Any suggestions welcome  x


----------



## IndiesaurusRex (Feb 23, 2011)

I'm not sure if there's a lot you can do, if it's a conformation thing. He may just be built that way in his skeleton - I don't know, there may be things you can do - other people can probably tell you more


----------



## mls (Nov 28, 2006)

brackabrack said:


> Just a quick question about my gelding.. 4 years old, and just beginning his schooling. He stands very narrow on his front and id like some exercises that will build his breast muscles evenly.


At four - he has 18-24 months before he is physically mature. He could be a late bloomer physically. Unfortunately you cannot build his front end. Nature will - or it won't.


----------



## faye (Oct 13, 2010)

Time and patience.. He is only 4 horses dont fill out entirely untill they are approx 7 years old.
Give it time there is nothing else you can do!


----------



## GeminiJumper (Jun 12, 2008)

He's still young so I'd say he's still got some room to grow in his chest and shoulder area. Not much you can do now. Even when he is full grown and he is still narrow upfront, there still isn't too much you can do. Probably just poor breeding selection.

If anything when he is older and you are riding him, I would do leg yielding and sidepassing to help him reach over and stretch.


----------



## brackabrack (Feb 27, 2011)

I do believe he was a 1 night stand in the field, or an accident as his passport says *unknown* next to everything about his breeding inc mother and father.. 

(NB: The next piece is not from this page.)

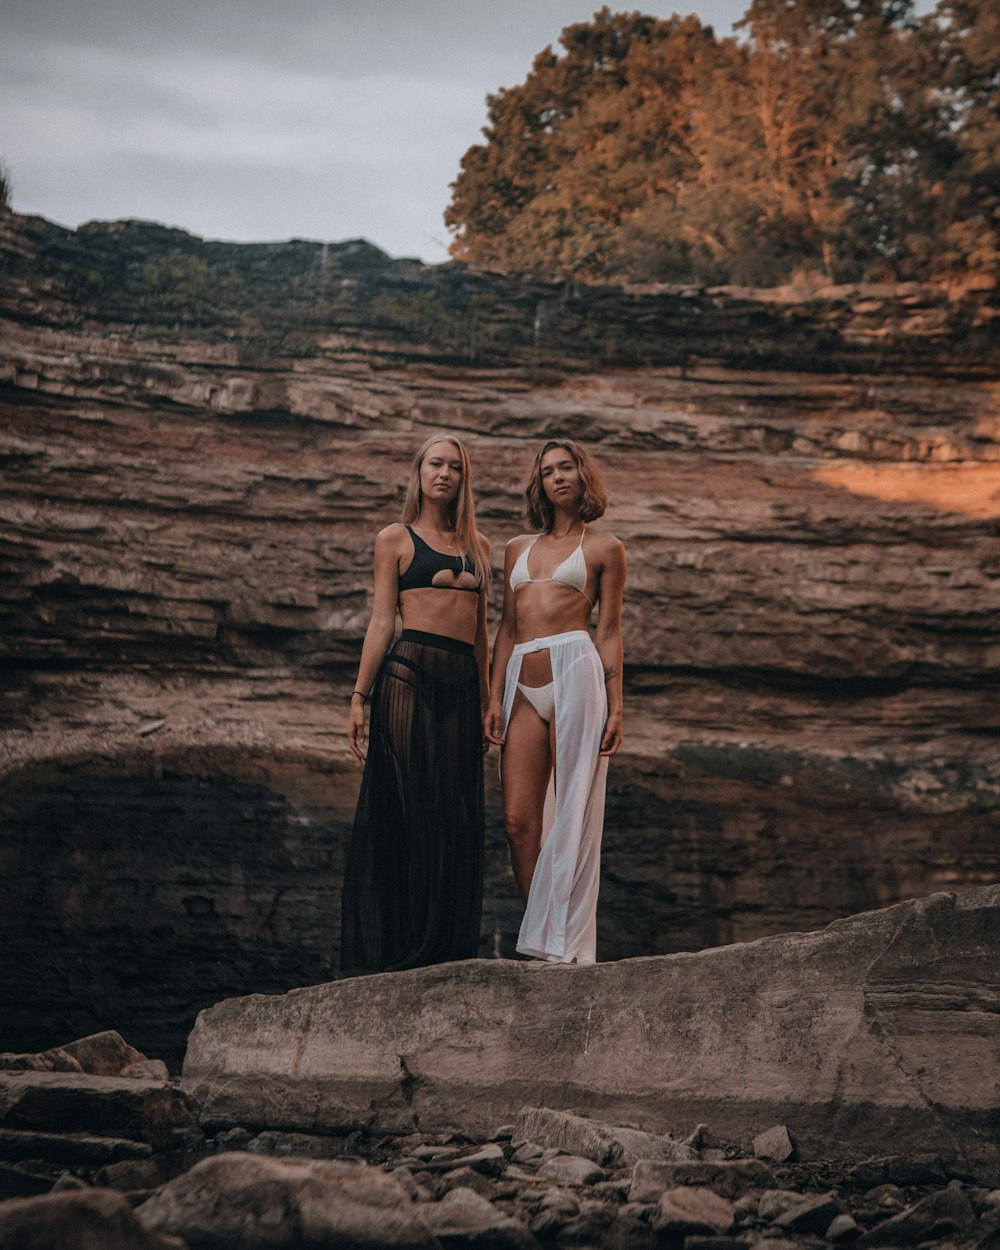 2 women in white dress standing on rock formation during daytime

I just wanted to know if i could broaden him, but only time will tell really i suppose  Thanx guys !!! Looks like ill be doing something else for a bit of fun in the school xx


----------



## smrobs (Jul 30, 2008)

Are you talking about how he stands with his feet so close together? That's a conformational thing and can't be changed. His muscles will build up some more over time but, really, the best thing you can do for that is to ensure he has a balanced diet and get's good, balanced work both on the ground and under saddle.


----------



## Kayty (Sep 8, 2009)

Can you make my legs longer while you're at it? 

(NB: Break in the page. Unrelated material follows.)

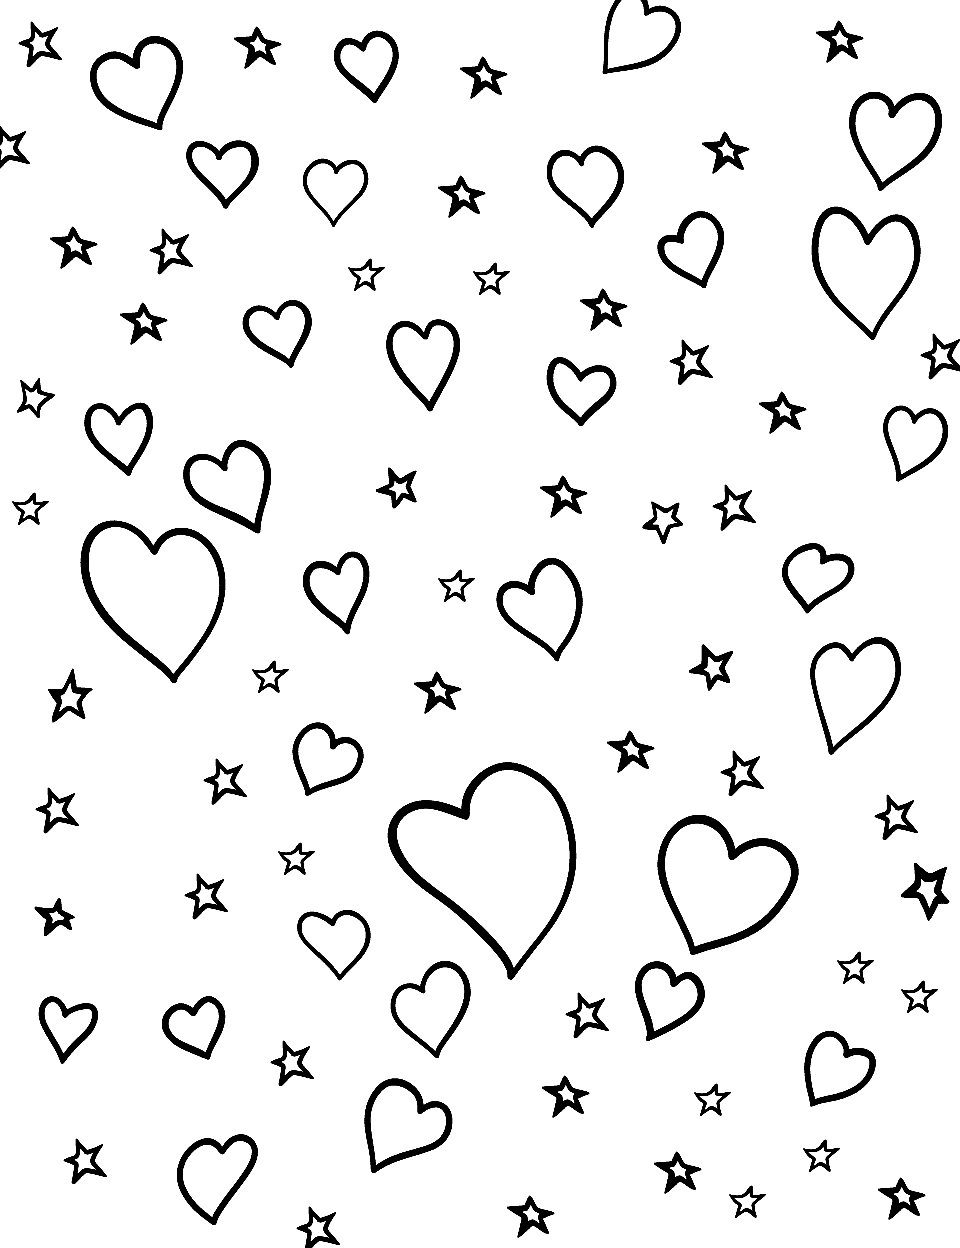 Stars and Hearts Star Coloring Page - A pattern of stars and hearts.

Sorry mate, it's a conformational issue. If he's skeletal structure is narrow, no amount of exercises you will do, can change that.
My coach has a young warmblood who is very narrow as well. His sire is hannoverian stallion who was very broad through the chest, and his dam was quite broad as well. However, his dam was extremely narrow through the chest until she was 7 - a very late maturer! So we are thinking that this gelding will probably broaden up on maturity.


----------



## brackabrack (Feb 27, 2011)

Thank you guys, ill just have to wait a few years and see what hes got


----------



## faye (Oct 13, 2010)

Reeco has quite a narrow chest, however given time I am expecting it to broaden conciderably.


----------



## soozie (Aug 18, 2016)

brackabrack said:


> Hello all ..
> 
> Just a quick question about my gelding.. 4 years old, and just beginning his schooling. He stands very narrow on his front and id like some exercises that will build his breast muscles evenly.
> 
> ...


Hi, i found our message here and i would like to ask how is your gelding looking now.. after few years. I have the same problem with my 4yo TB... he is very tall, but so so narrow and im afraid , he will never wide up. Sorry for my english  Thank you very much. 
Zuzana - Czech republic


----------